Предыдущая глава |
↓ Содержание ↓
↑ Свернуть ↑
| Следующая глава |
Ну, что же — она нашла своего избранника. Сердце не лгало — оно рвалось назад, туда, в Пущу, к нему! И кто бы он ни был — она никому не позволит разлучить их.
На следующий день, отправившись на свою обычную верховую прогулку, как всегда в сопровождении одного из братьев и двух грумов, — она решила проехаться по лесным тропинкам. По лесу, так по лесу. Всадники въехали под сень деревьев, и когда углубились в чащу на целую версту, Ева вдруг пустила свою вороную трехлетку в сторону, заставив остальных от неожиданности придержать лошадей, а затем повернула на боковую тропинку, перейдя с места в галоп.
— Jaskółka, jak najszybciej! (Ласточка, как можно быстрее!) — в радостном возбуждении крикнула она своей лошадке. И та не подвела — понеслась стрелой, послушная воле всадницы, закладывала умопомрачительные повороты, кидаясь то на одно малозаметное ответвление лесной тропы, то на другое. Вскоре Ева скакала, уже не разбирая дороги. Ее спутники почти сразу безнадежно отстали. К счастью для нее, брат Михал был не самым блестящим наездником, а слуги не решались от него отрываться.
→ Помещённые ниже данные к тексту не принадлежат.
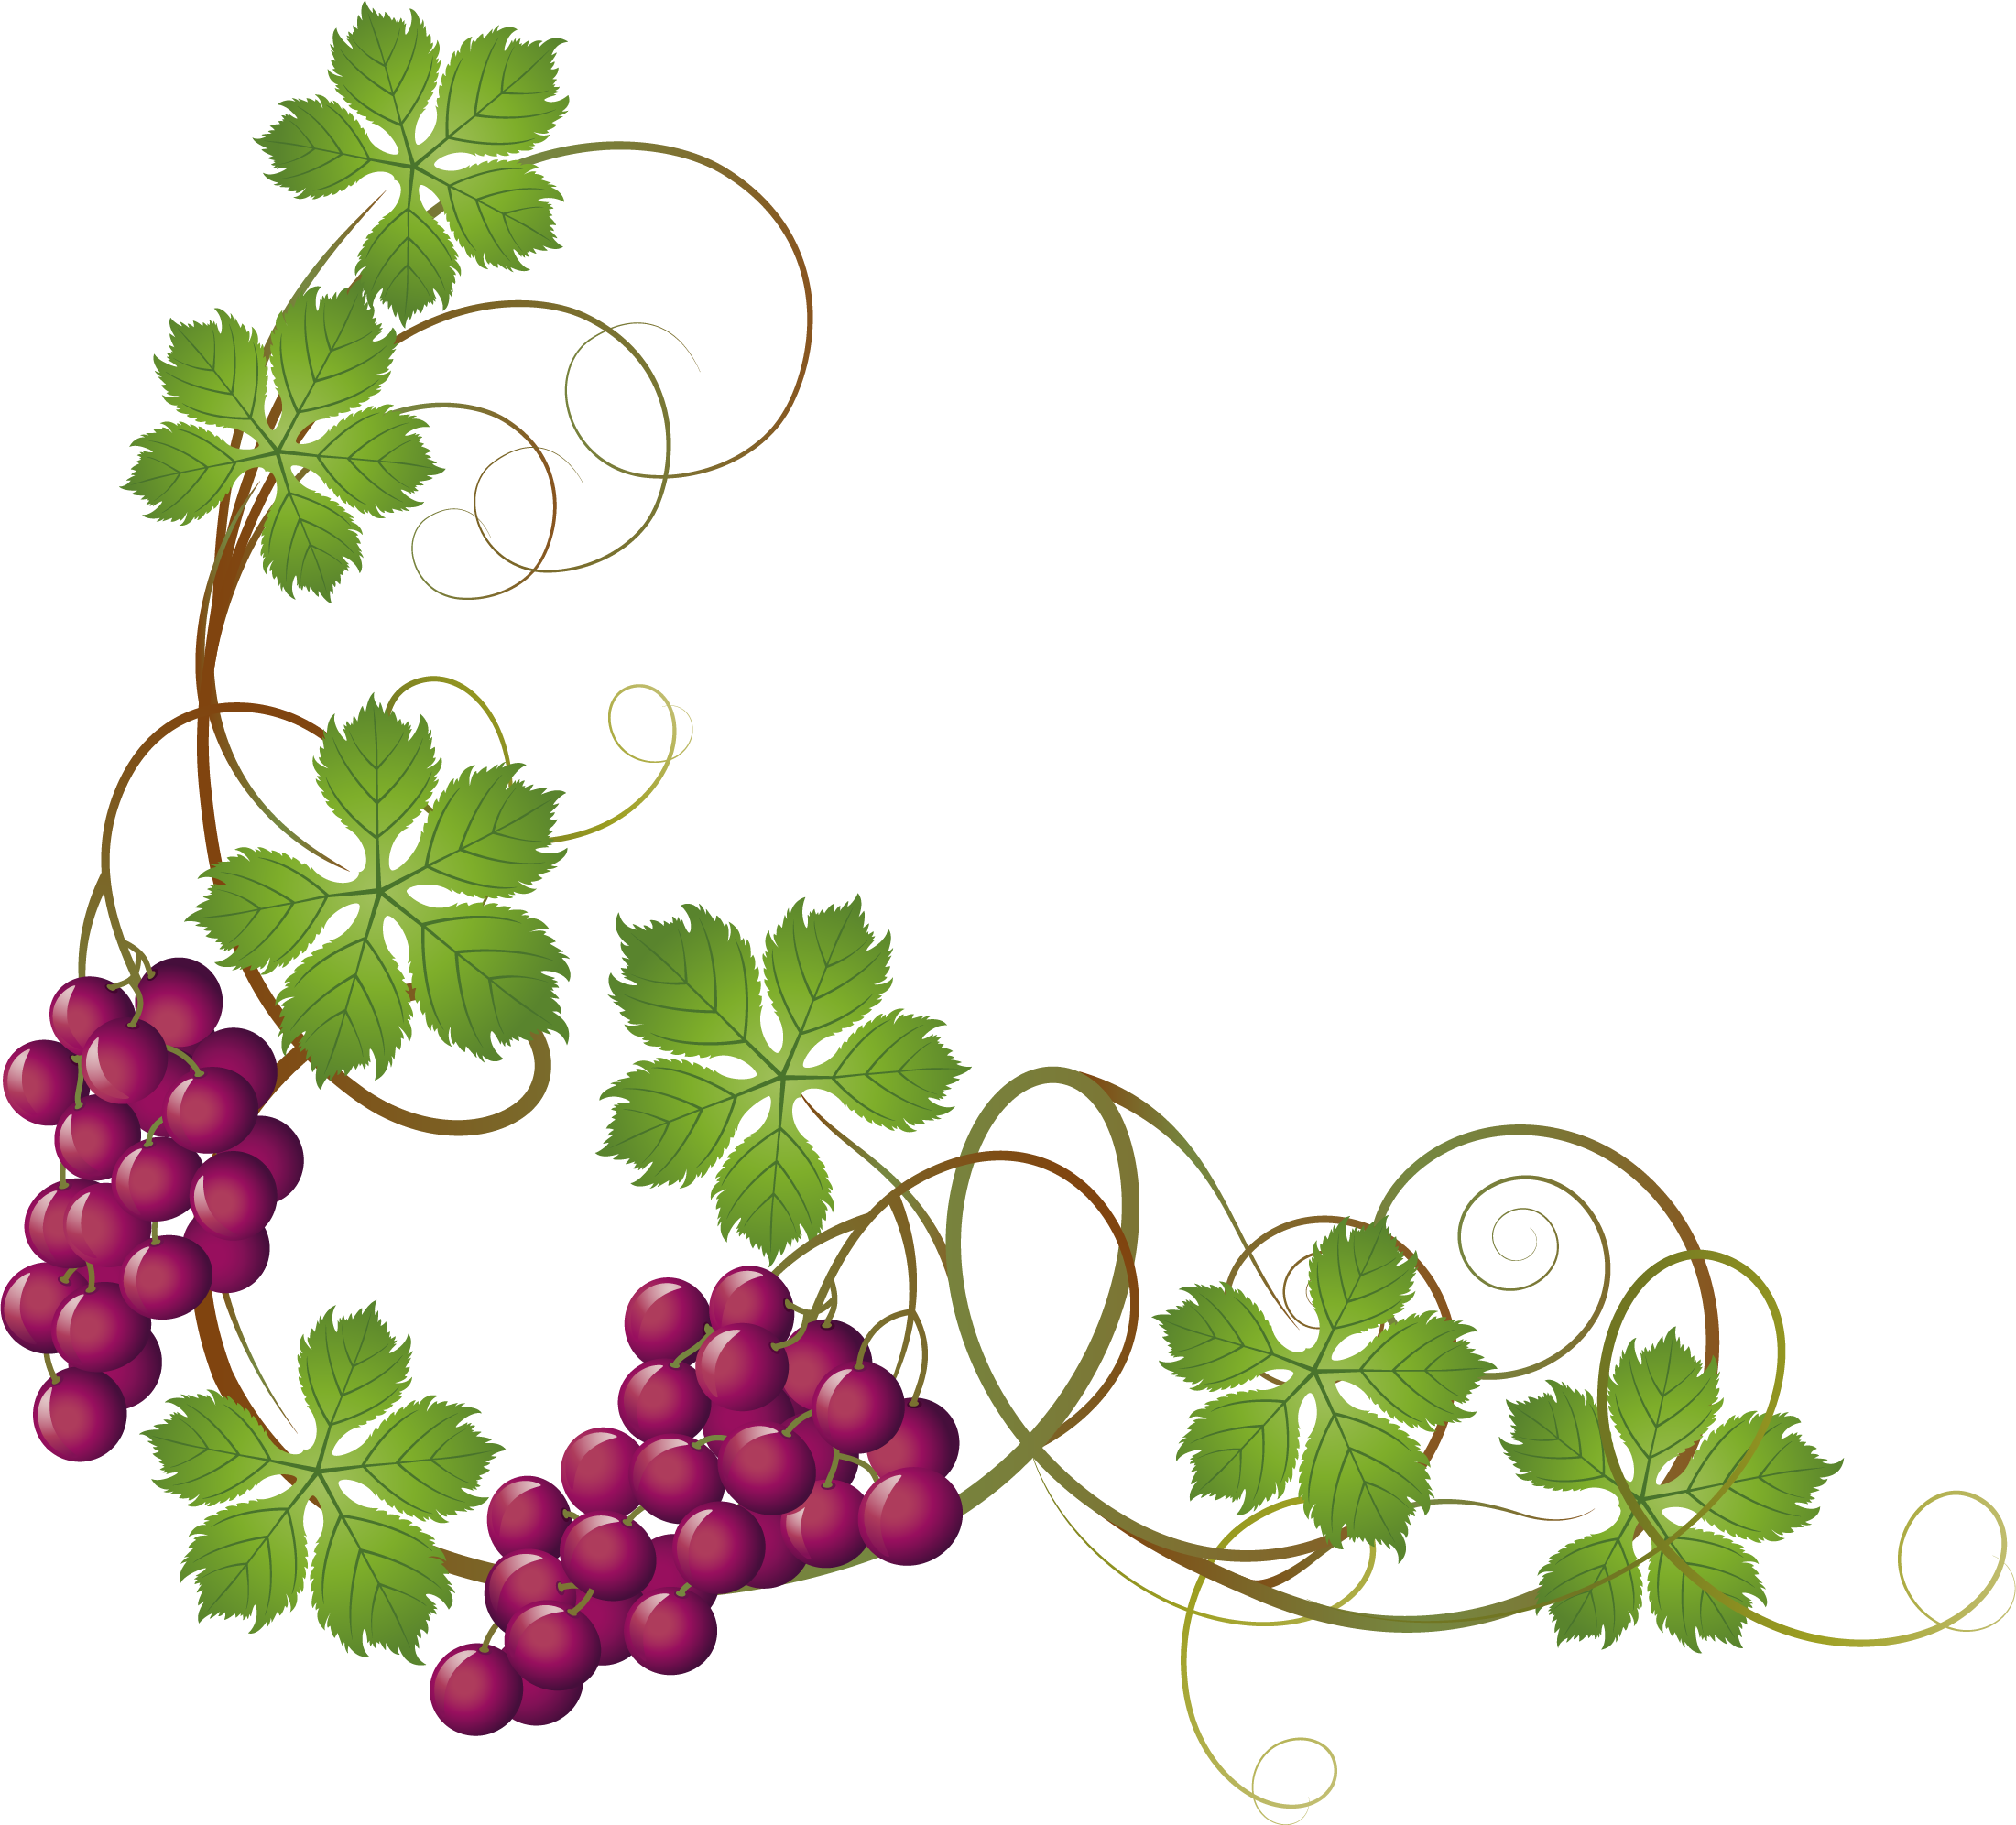 Grape Vine Border Vector at GetDrawings Free download
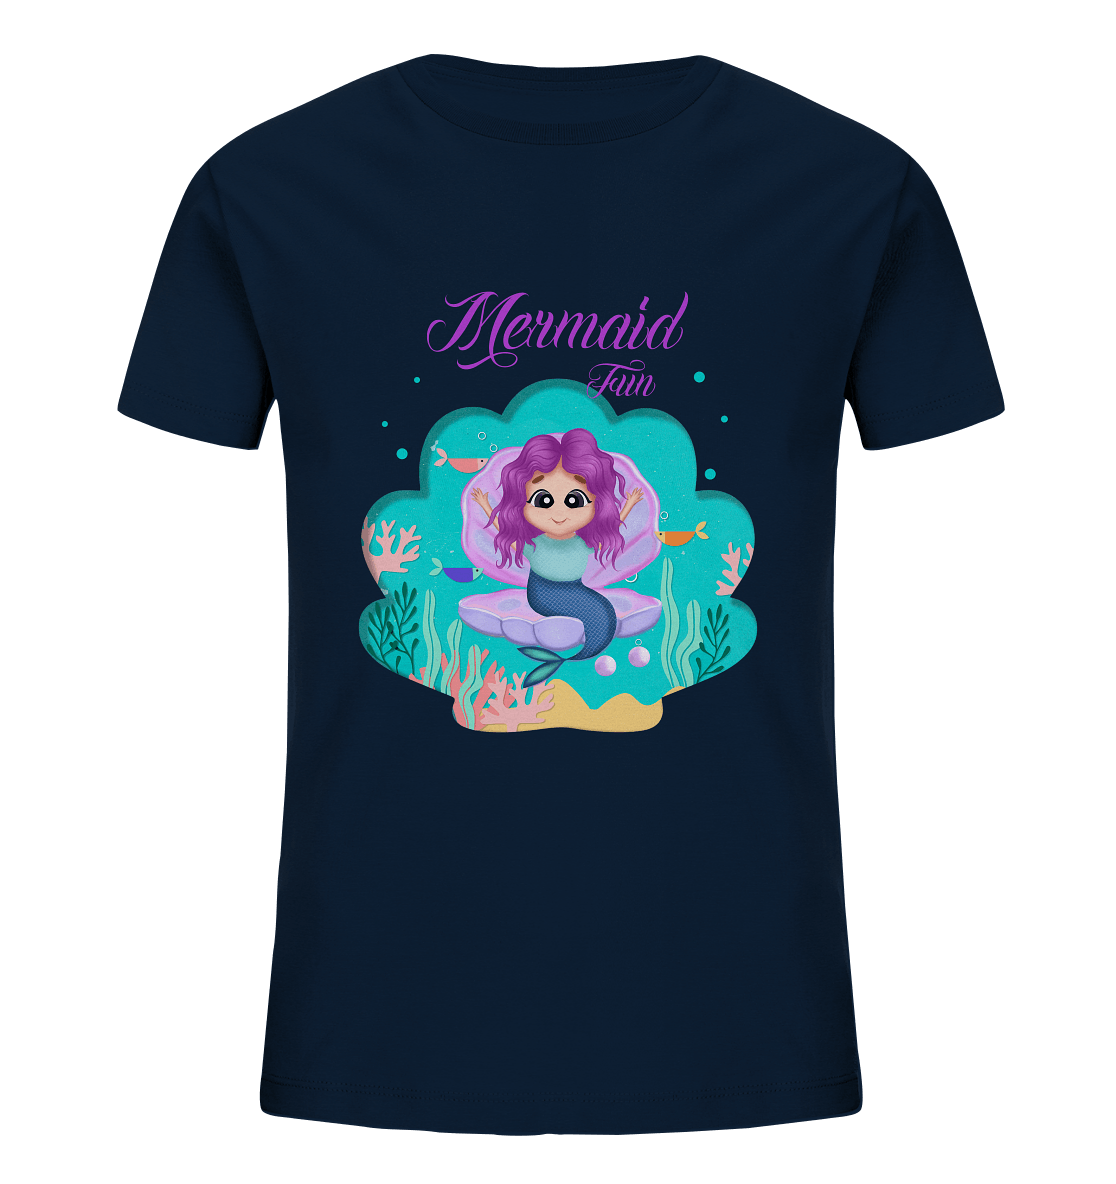 Meerjungfrau Cartoon T-Shirt mit handgezeichneten Mermaid Cartoon und Beschriftung "Mermaid Fun" baby ariel T-Shirt in navy blau

Неожиданно для себя самой Ева оказалась на краю опушки. Теперь надо было сообразить, куда ехать дальше...
От имения до Пущи надо было проскакать верст шестьдесят, если не все семьдесят, да еще отыскать в лесной чаще дом лесничего, мимо которого они проехали лишь раз, направляясь к Охотничьему дворцу государя после той памятной встречи с секачом. А сейчас время перевалило далеко за полдень. Еве стало немного не по себе — ведь до темноты можно и не успеть, а загонять лошадь в безумной скачке ей вовсе не хотелось. Но, что решено, то решено — и юная всадница пустила лошадь рысью, выезжая на виднеющуюся невдалеке полевую дорогу.
Как она и опасалась, до темноты она успела добраться лишь до того места, откуда просматривалась синеющая вдали, в вечерних сумерках, кромка Пущи. Ехать незнакомой дорогой ночью через лес было бы полным безумством, и Ева, преодолев еще две с небольшим версты, остановилась у края леса. Ночевать придется здесь. Хорошо, что Ласточку удалось недавно напоить из встреченного по пути ручейка. Теперь осталось снять седло, разнуздать и оставить пастись, — девушка была уверена в своей лошадке, не стала путать ей ноги, а ограничилась тем, что привязала повод узды к росшему неподалеку небольшому деревцу. Самой бы теперь подобрать местечко, где можно было бы устроиться так, чтобы не проворочаться всю ночь без сна.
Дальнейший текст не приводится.